Today’s Seattle Times shows that they’re back to calling gun control by its alias, “gun safety,” in a story about ten things to watch as the legislative session unfolds, while in Colorado, the press in Glenwood Springs remains intellectually honest by noting that Republicans are opening their session by “moving fast to repeal gun-control legislation Colorado Democrats passed two years ago.”
What is it with the press? Who is it they think they’re fooling? Are they really fooling anyone?
The Times story reports that the same so-called “gun-safety advocates” behind passage of Initiative 594 – the 18-page gun control measure passed by voters in November and challenged by the Second Amendment Foundation (SAF) in December – now “want to push for more laws.” This certainly lives up to the pattern that gun prohibitionists have established over the years. They’re never satisfied.
Down in Colorado, Republicans controlling the State Senate may have a tough time repealing the onerous gun laws that have cost the state industry and jobs, but it puts House Democrats and Democrat Gov. John Hickenlooper in the position of having to defend their votes. The effort demonstrates that GOP leaders in the Senate are willing to bring up an uncomfortable topic that the gun control crowd would rather just go away.
This Thursday’s planned “Rally for Your Rights” in Olympia by various Second Amendment rights organizations will be an opportunity for gun owners to talk about genuine safety. It will be pretty easy to tell the difference between the pros and pretenders. The National Rifle Association has a nationwide network of firearm safety instructors, and last week, SAF launched its own training division.
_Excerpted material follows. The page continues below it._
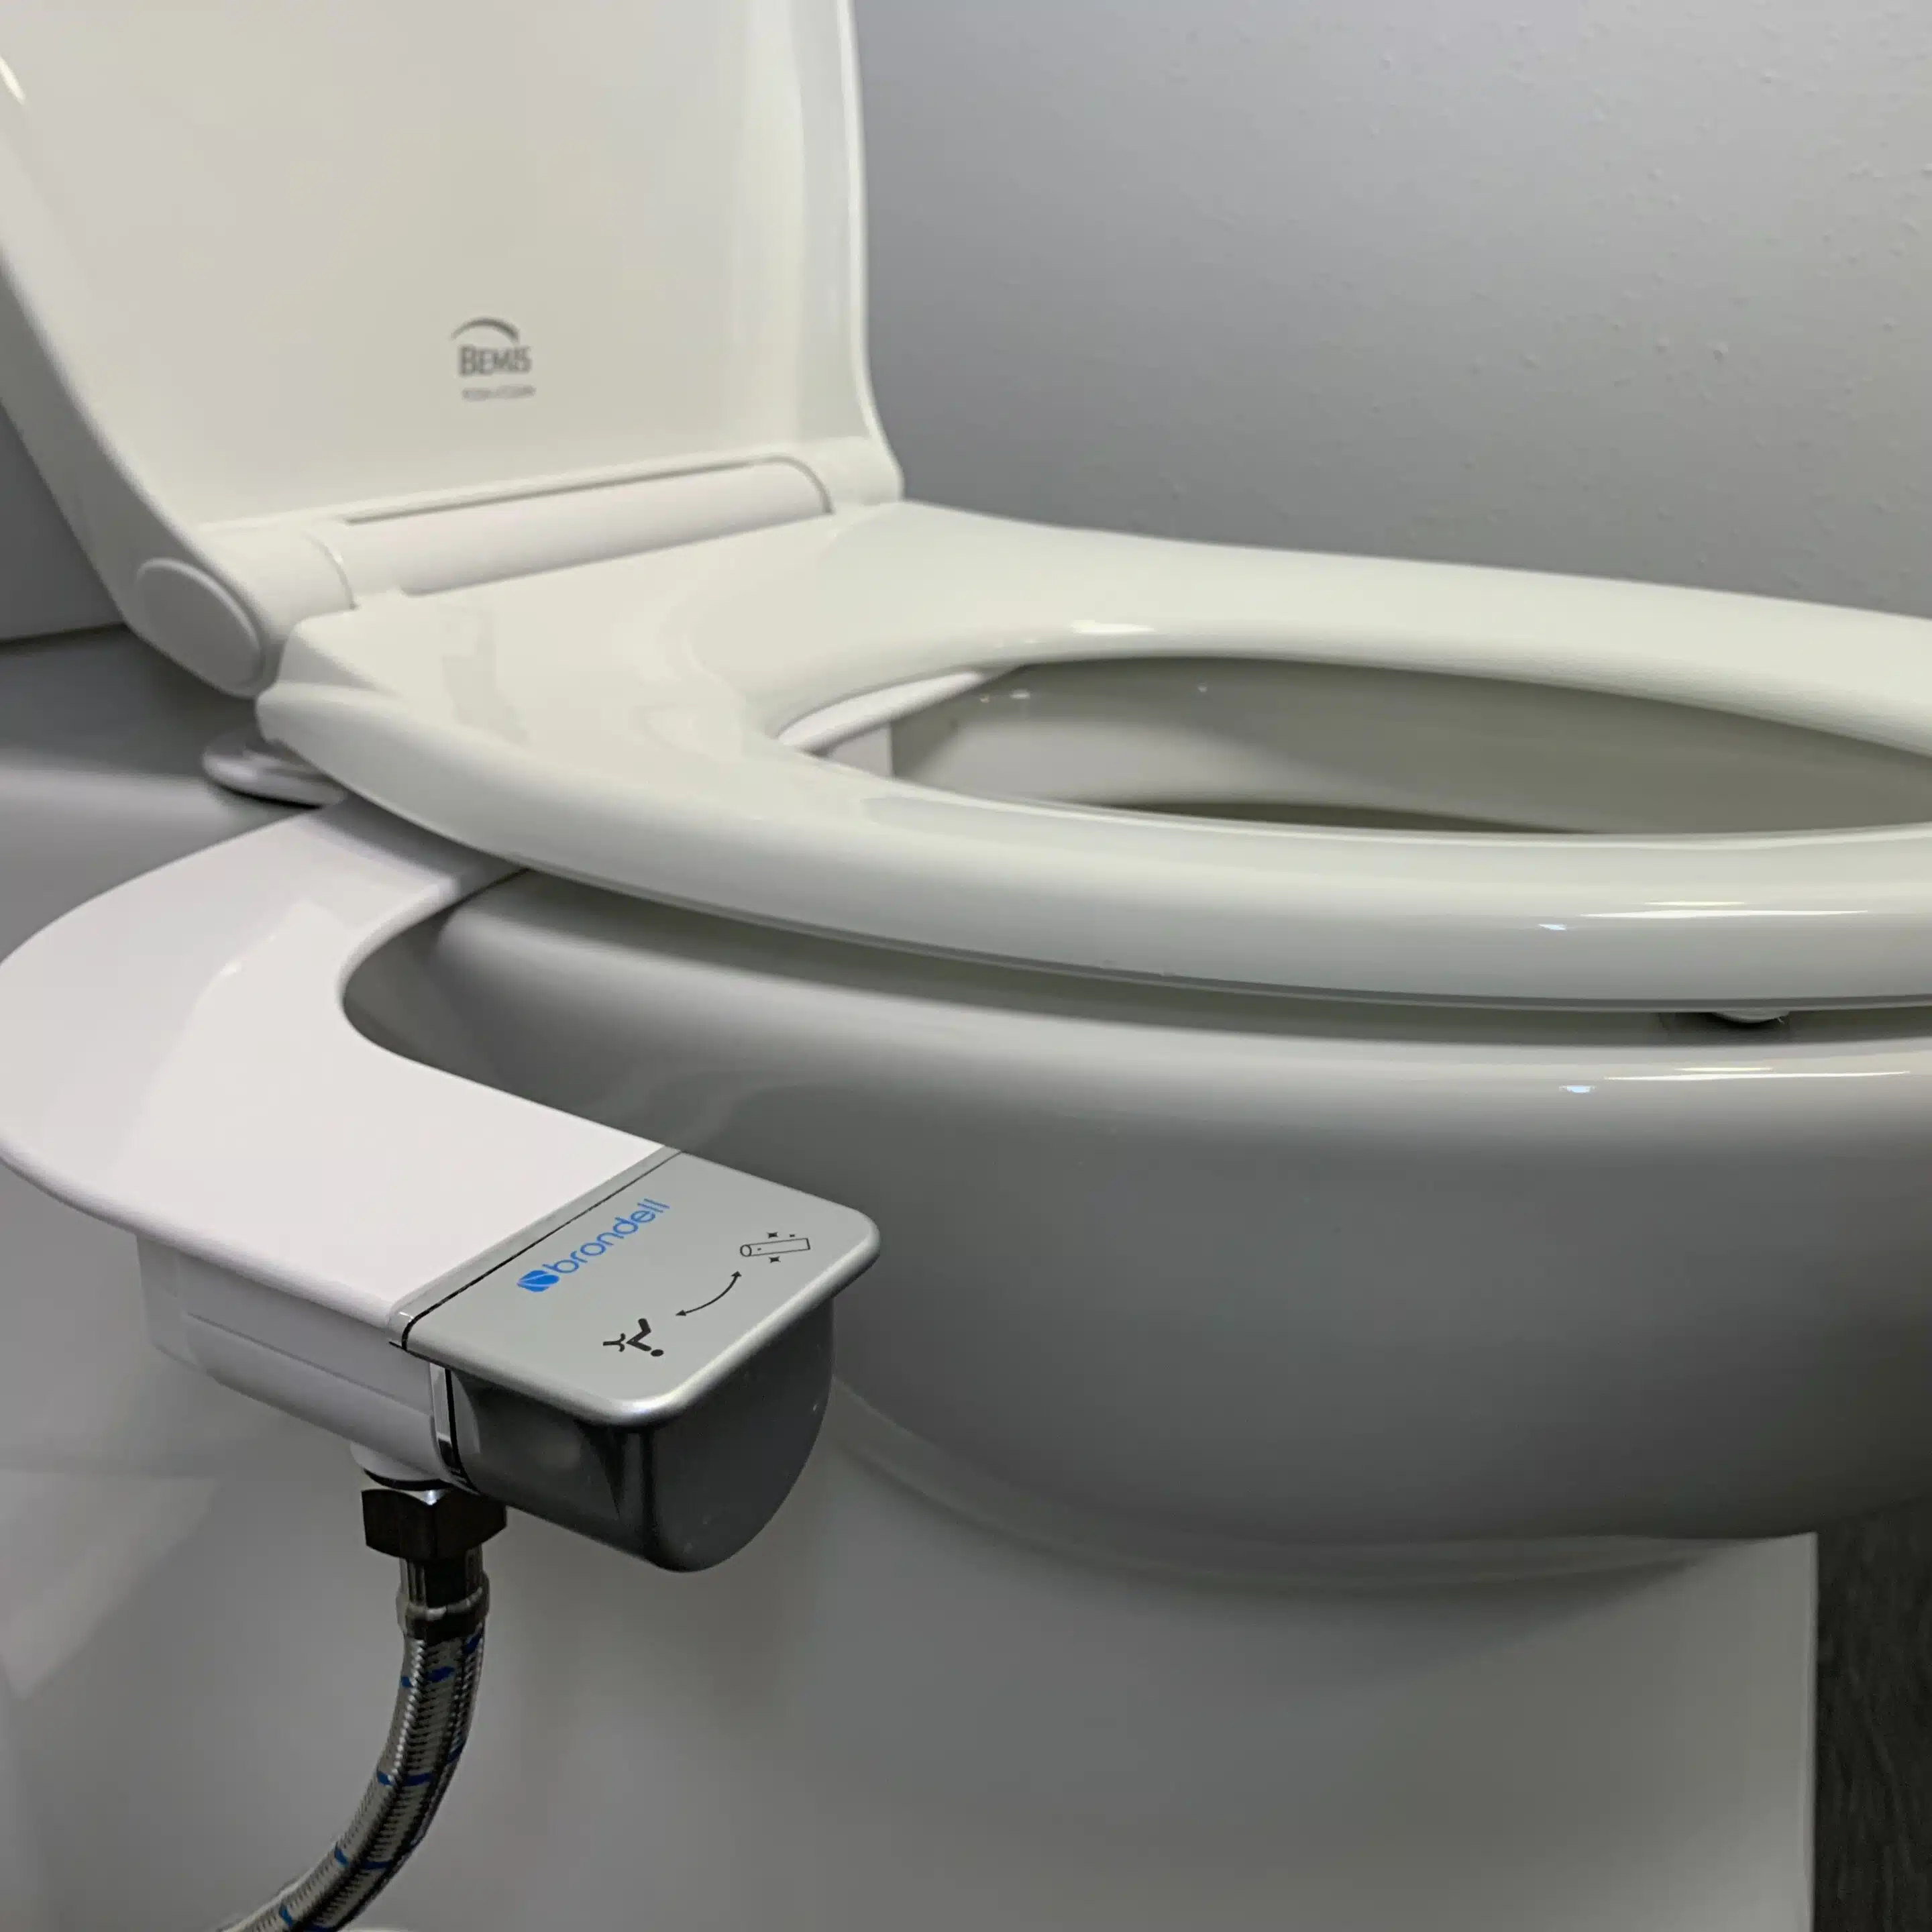 Bidet seat attachment on a toilet

Back in November on the day after the election, both the Seattle Times and Seattle P-I.com both referred to I-594 as a “gun control” victory. Today’s fallback to the “safety” masquerade merely reinforces the notion that gun owners have of the press as being disingenuous if not downright deceptive.
Second Amendment activists are determined to beat back gun control in both Washington and Colorado. In the Northwest, they’re trying both in the legislative and legal arenas, while in the Centennial State, they’re hoping state lawmakers come to their senses.
Merely defying a law will not make it go away. If gun owners are to realize their goals in either state, the onerous laws they oppose must be rolled back in the legislatures or defeated in the courts.